Given information:

• • •

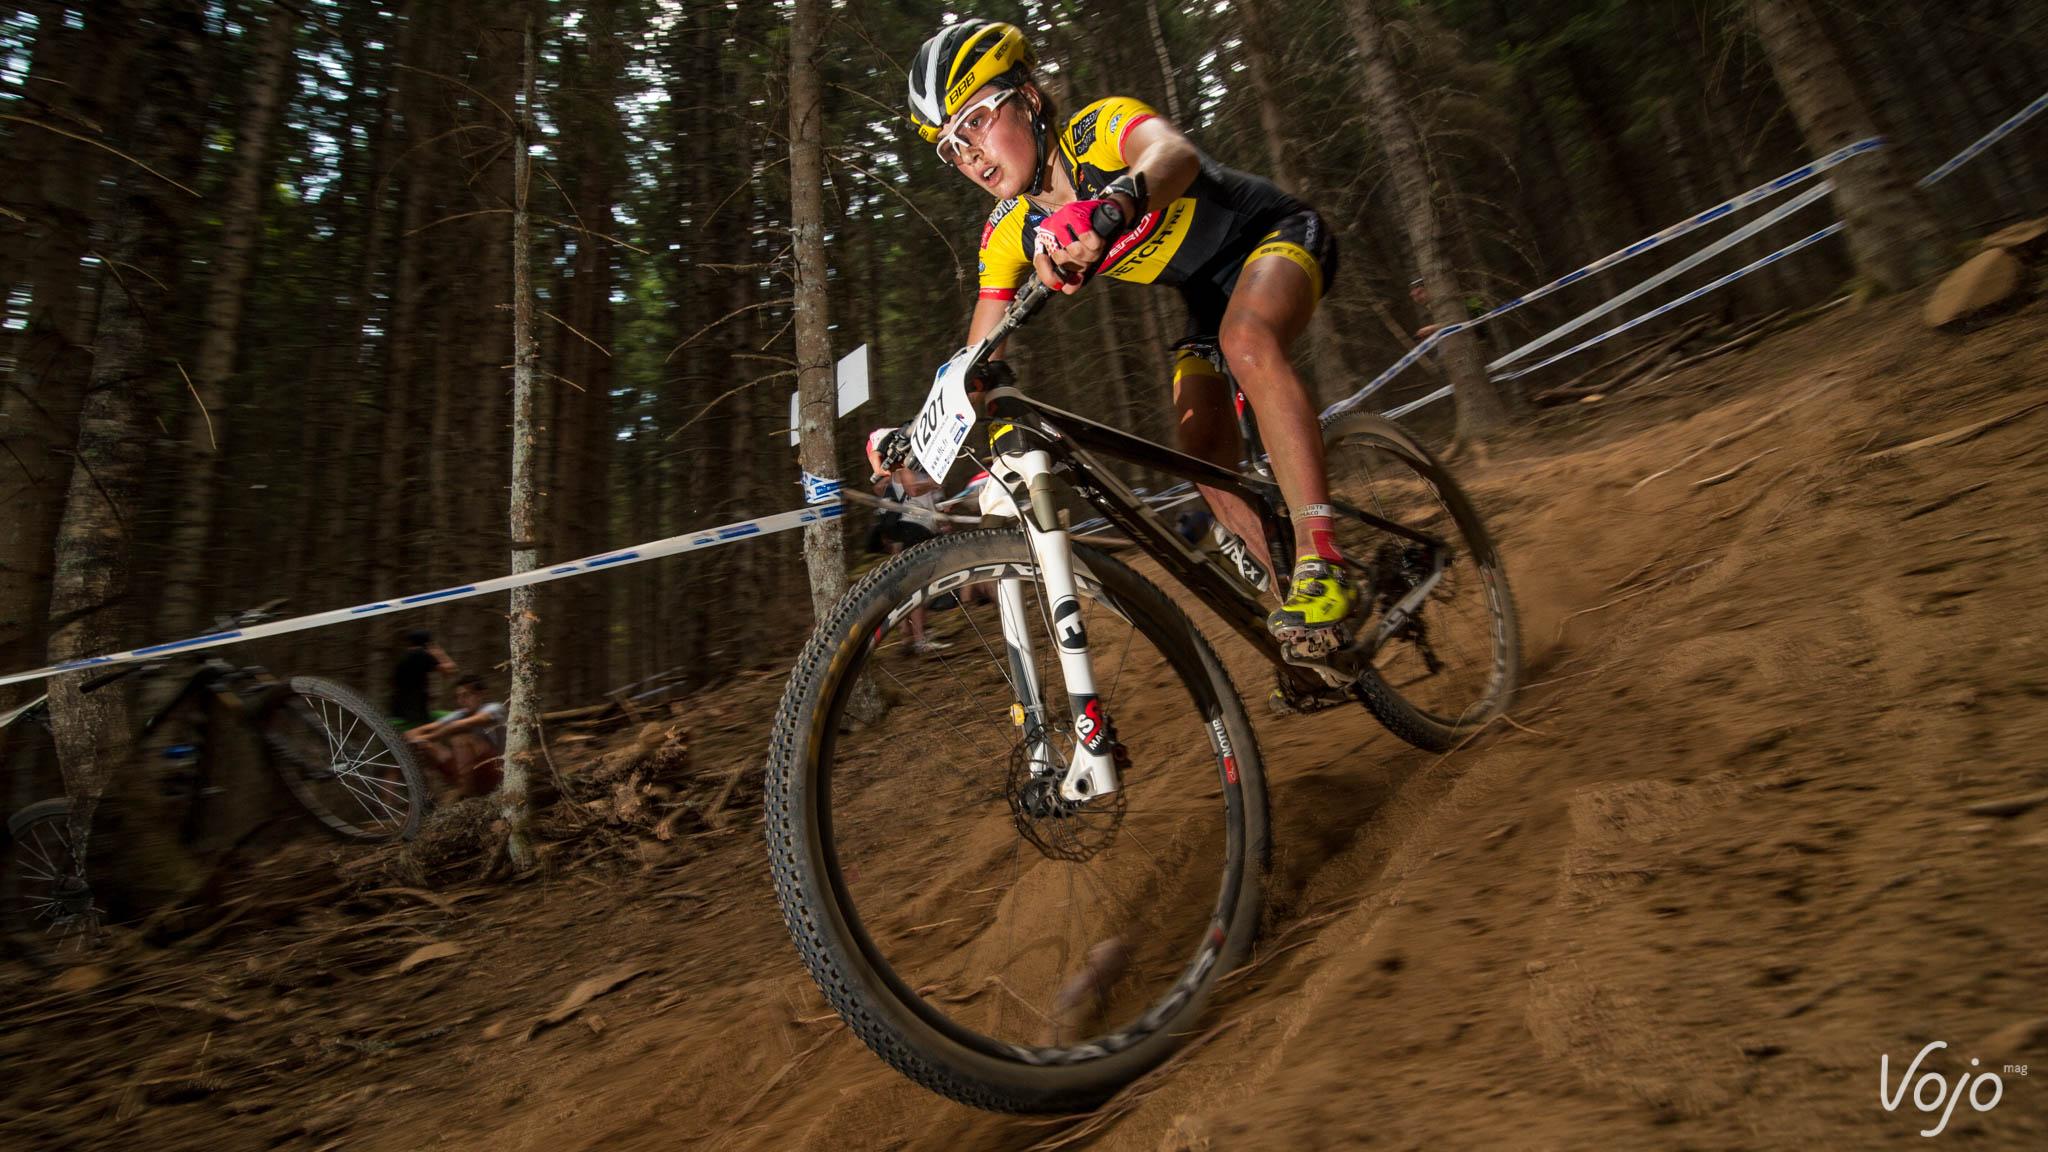 Championnats-de-france-2015-Oz-XC-Espoirs-finale-46
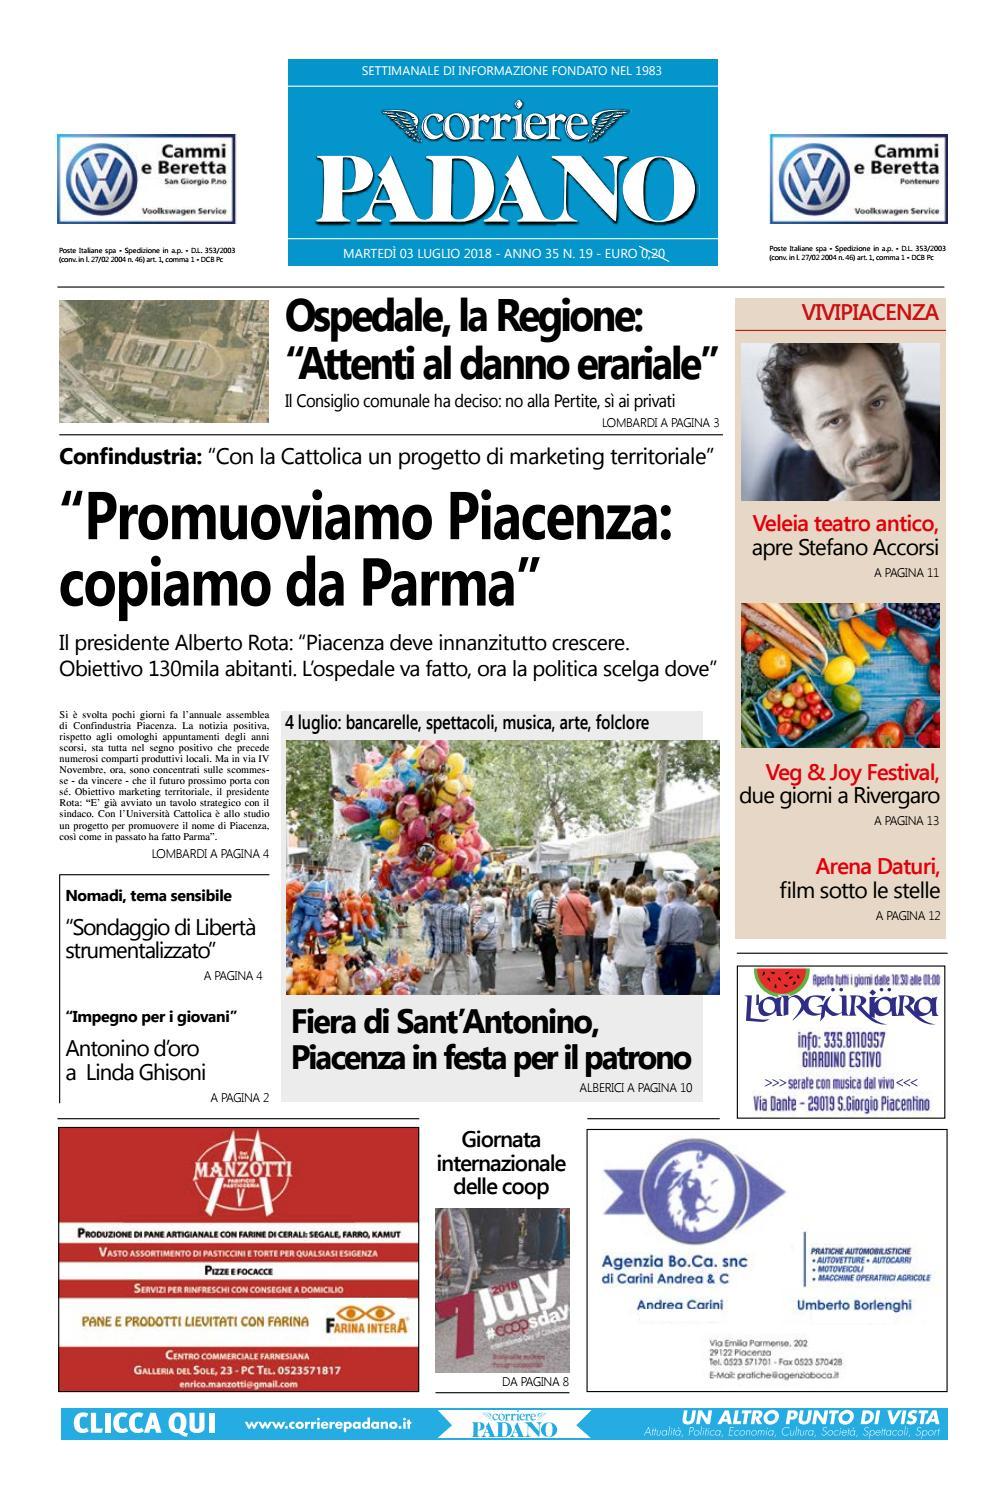 Corriere Padano 19 Del 03 07 2018 By Corriere Padano Issuu
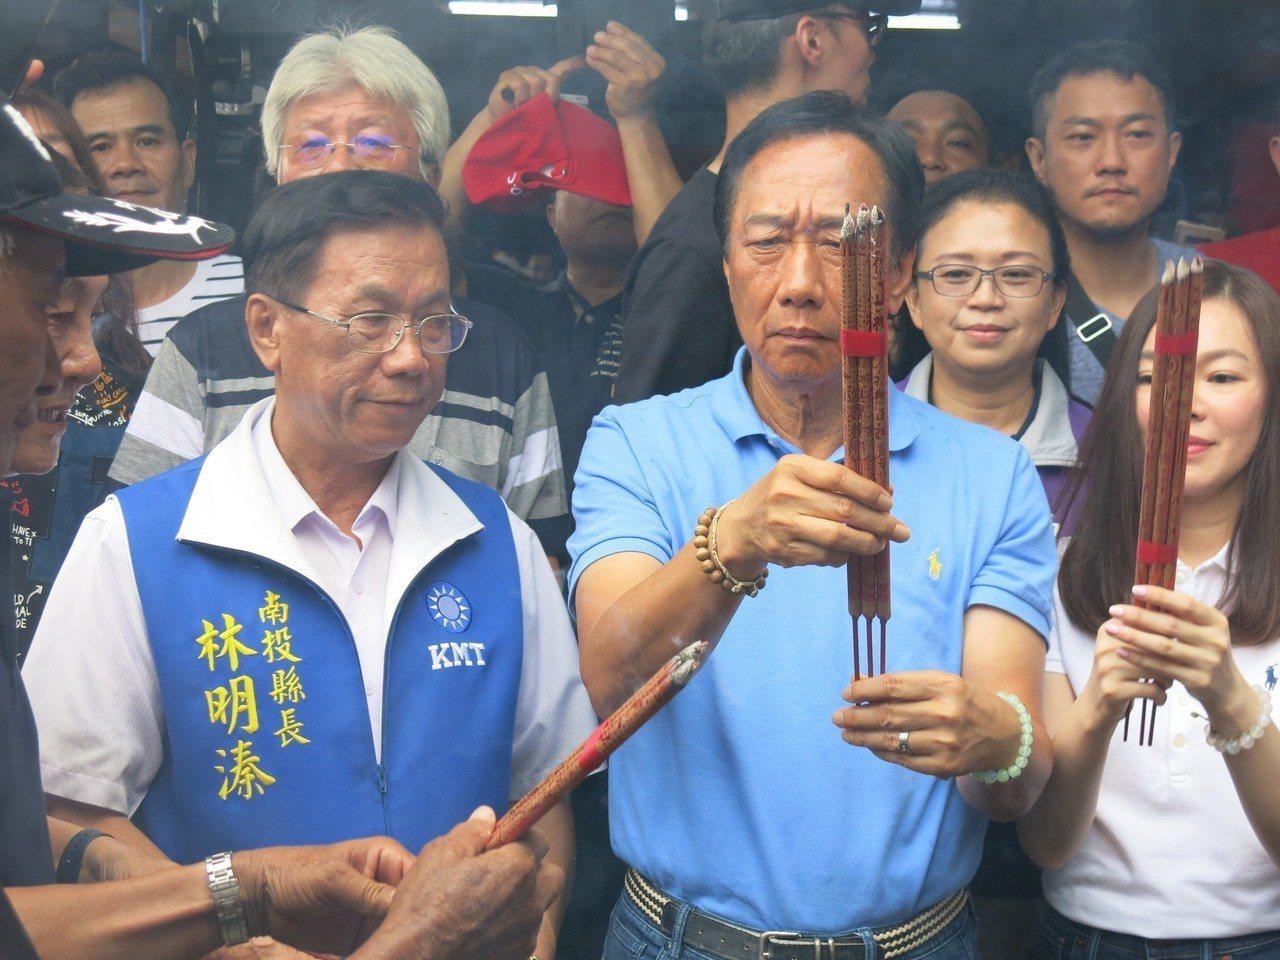 郭台銘攜夫人曾馨瑩下午來到竹山紫南宮參拜,受到民眾的熱烈歡迎。記者黑中亮/攝影
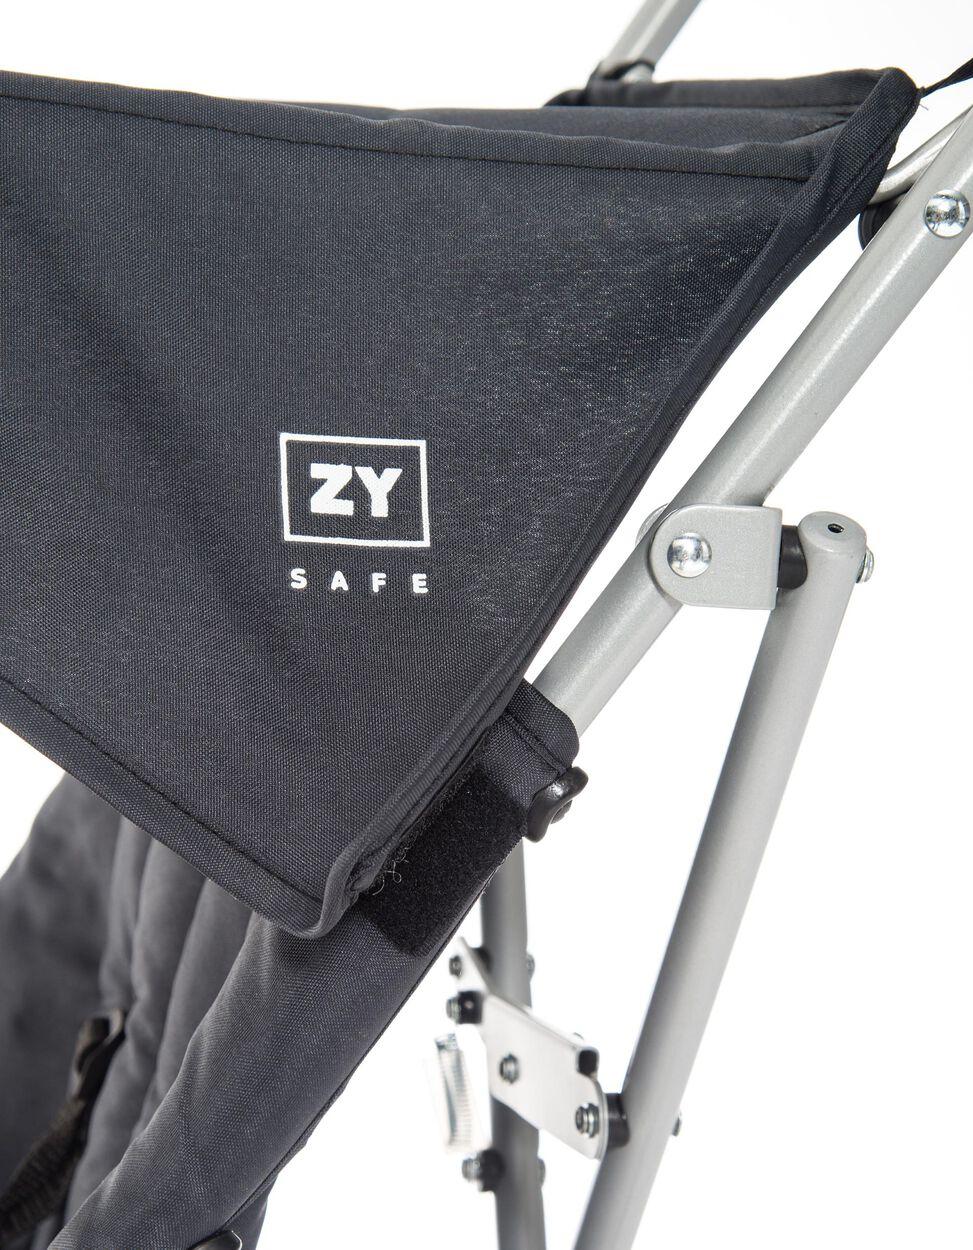 Silla de Paseo Road Zy Safe

• • •

Problem details: Pictures are not part of the copy. Restate everything else in the listing word for word.

Response below:
 Championnats-de-france-2015-Oz-XC-Espoirs-finale-46
 Corriere Padano 19 Del 03 07 2018 By Corriere Padano Issuu
 郭台銘攜夫人曾馨瑩下午來到竹山紫南宮參拜,受到民眾的熱烈歡迎。記者黑中亮/攝影
 Silla de Paseo Road Zy Safe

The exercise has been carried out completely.